Creating an Authentication Domain

When the default authentication domain cannot be used, you need to create a new one.

Context

In most cases, the default authentication domain is enough. In the following scenarios, you need to plan more authentication domains:

Users adopt different authentication modes or use different authentication servers. You must add the users to corresponding authentication domains.
AD and LDAP servers have domains. Therefore, you are advised to create an authentication domain on the FW with the same name as the domain name of the user on the server.

If a new authentication domain is configured, users will need to suffix their user names with the authentication domain (format: Login Name@Authentication Domain) during login. If the default authentication domain is used, users need to enter only their login names.

Procedure

Access the AAA view from the system view.
aaa
Create an authentication domain.
domain domain-name
Optional: Configure the description of the authentication domain.
description description
Optional: Specify the user group associated with the authentication domain.
reference user { default-domain | current-domain }

By default, the users of the current authentication domain are referenced. When an authentication domain is created, a root group with the authentication domain name is automatically generated. You can plan users and user groups in the root group. That is to say, each authentication domain has independent user accounts by default.

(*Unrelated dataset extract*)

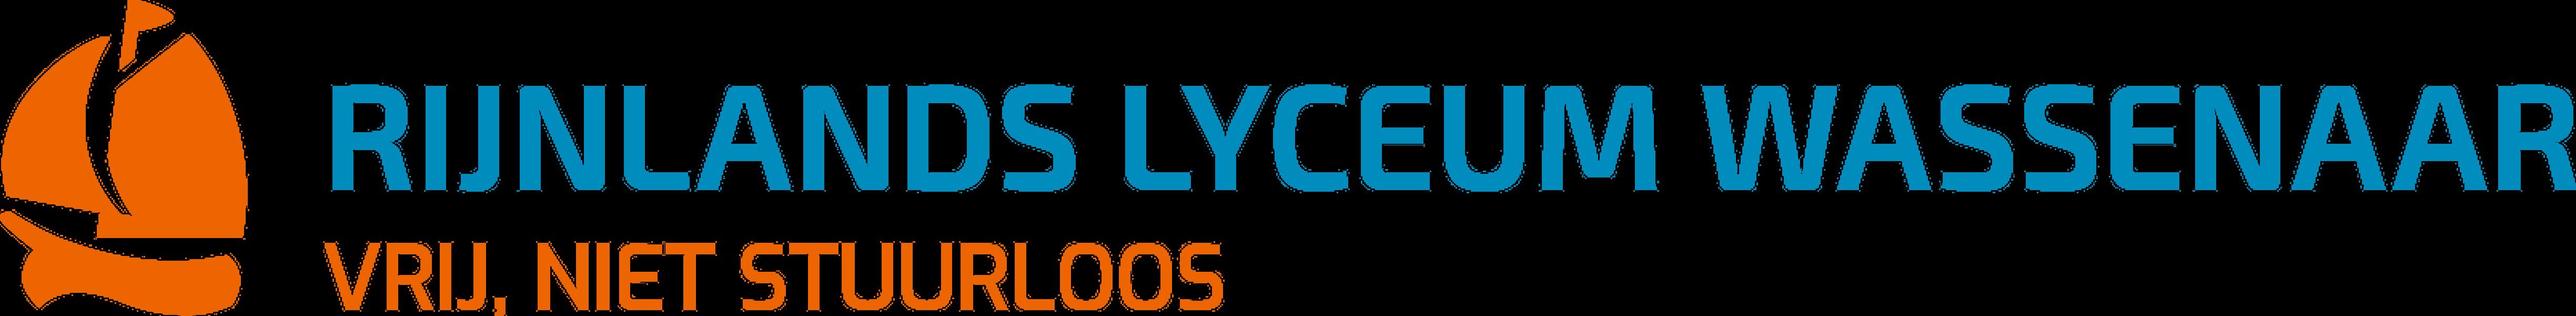 Rijnlands Lyceum Wassenaar logo

If the reference user default-domain command is used, no corresponding root group is generated when an authentication domain is created. Instead, the authentication domain uses the organizational structure of the default group. You can plan users and user groups in the default group.

When the user group associated with the authentication domain is changed to the default group, the FW deletes the original group (whose name is the same as the authentication domain) and its subgroups. Exercise caution when you perform the operation.